How a Committee Processes a Bill
Referral and Inaction
Most bills never advance past referral. The committee chair's office receives hundreds or thousands of referrals per Congress and schedules hearings for a small fraction of them. Bills without a powerful sponsor, significant outside advocacy, or majority leadership support typically don't move.
Hearings
When a committee does schedule a hearing on a bill, witnesses appear to testify about its merits and potential problems. Witnesses typically include agency officials (who explain the executive branch's view), subject matter experts, and stakeholders who would be affected by the legislation. Witnesses submit written testimony in advance and give an oral summary at the hearing; members then ask questions.
Hearing transcripts are public records, available through the committee's website and through GovInfo. They're often the most substantive source of technical analysis about what a bill does, because witnesses frequently go deeper than the floor debate allows.
Markup
A markup session is the formal line-by-line consideration of a bill by the committee. During markup, members can offer amendments — some of which pass, some of which fail. The bill that emerges from markup may be substantially different from the version introduced. The markup process is usually public and streamed by the committee.
Reporting and the Committee Report
After a successful markup vote, the committee "reports" the bill — formally sends it to the full chamber with a recommendation to pass. A reported bill is accompanied by a committee report, a written document that explains the bill's purpose, provides a section-by-section analysis, describes the cost estimate from the Congressional Budget Office, and often includes the written views of dissenting members.
Committee reports are significant documents.
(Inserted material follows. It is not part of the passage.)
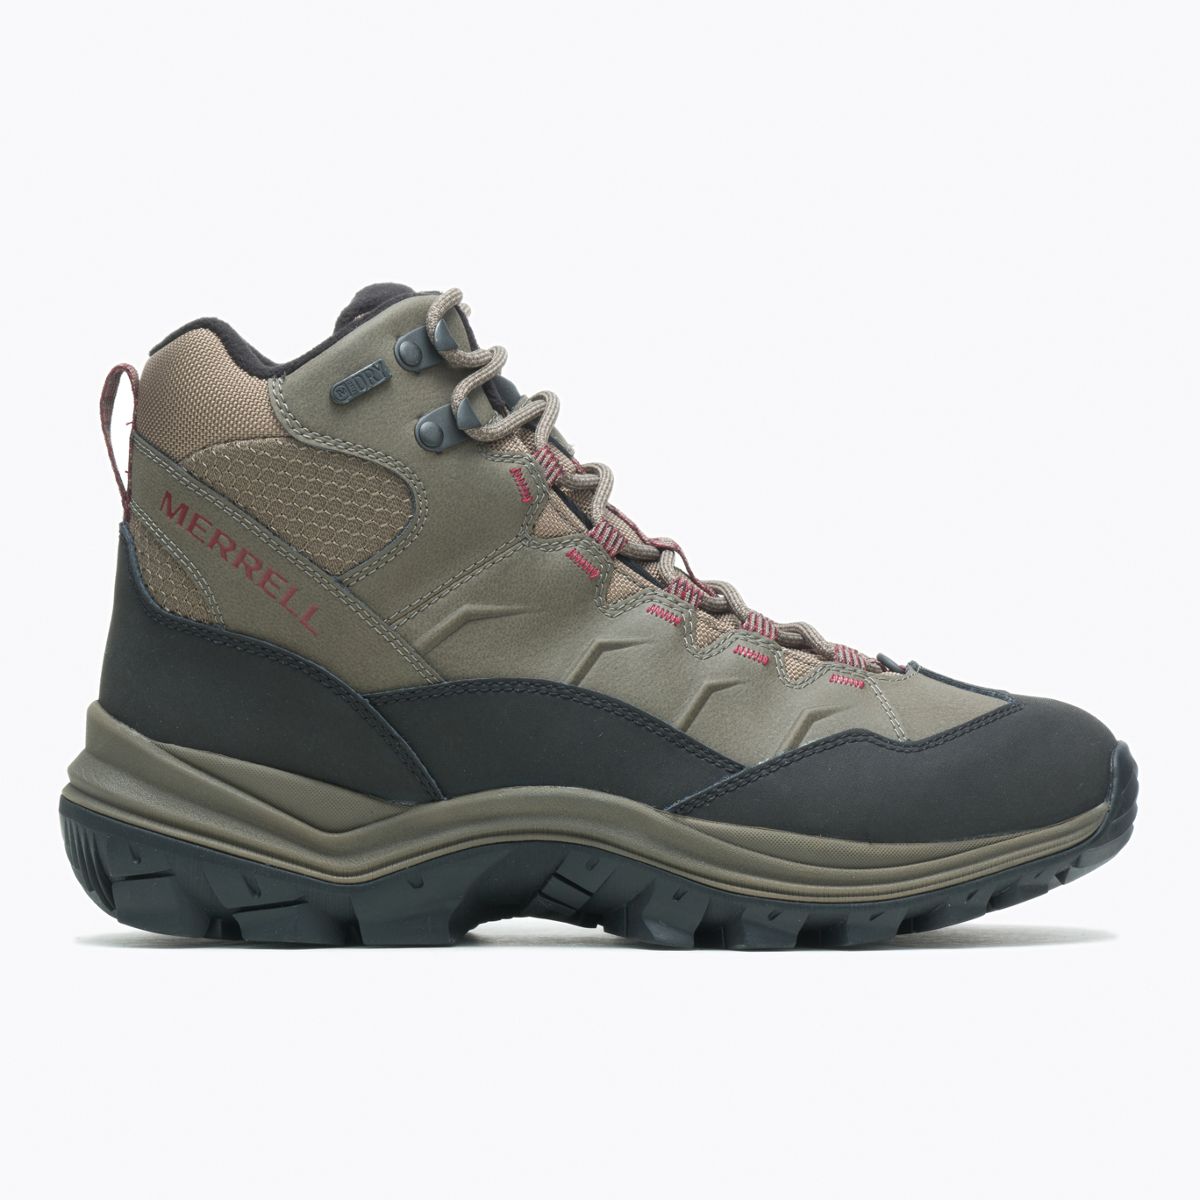 Men's Thermo Chill Mid Waterproof Boots | Merrell

Courts and agency administrators sometimes consult them when interpreting ambiguous statutory language, on the theory that the report reflects the "legislative intent" of the enacting Congress.
Why So Many Bills Die
The committee system creates multiple veto points. A bill needs: a committee chair willing to schedule it, a majority of the committee willing to report it, and then floor scheduling by the leadership. Any of those can kill a bill. Most bills introduced are never intended to become law — they're messaging vehicles, constituent services, or legislative markers for future negotiations.
Bills that do advance tend to have one or more of the following: strong bipartisan support, mandatory legislative vehicles they can attach to (appropriations, NDAA), crisis-driven urgency, or backing from the committee chair or the party leadership.
How LegislationPatch Reflects Committee Status
Bills in our database show their current legislative stage. "In Committee" means the bill has been referred but not yet reported; "Passed House" or "Passed Senate" means it cleared the relevant committee and floor. The action history on each bill's Congress.gov page shows every step the bill has taken, including every committee to which it was referred and every hearing or markup that was scheduled.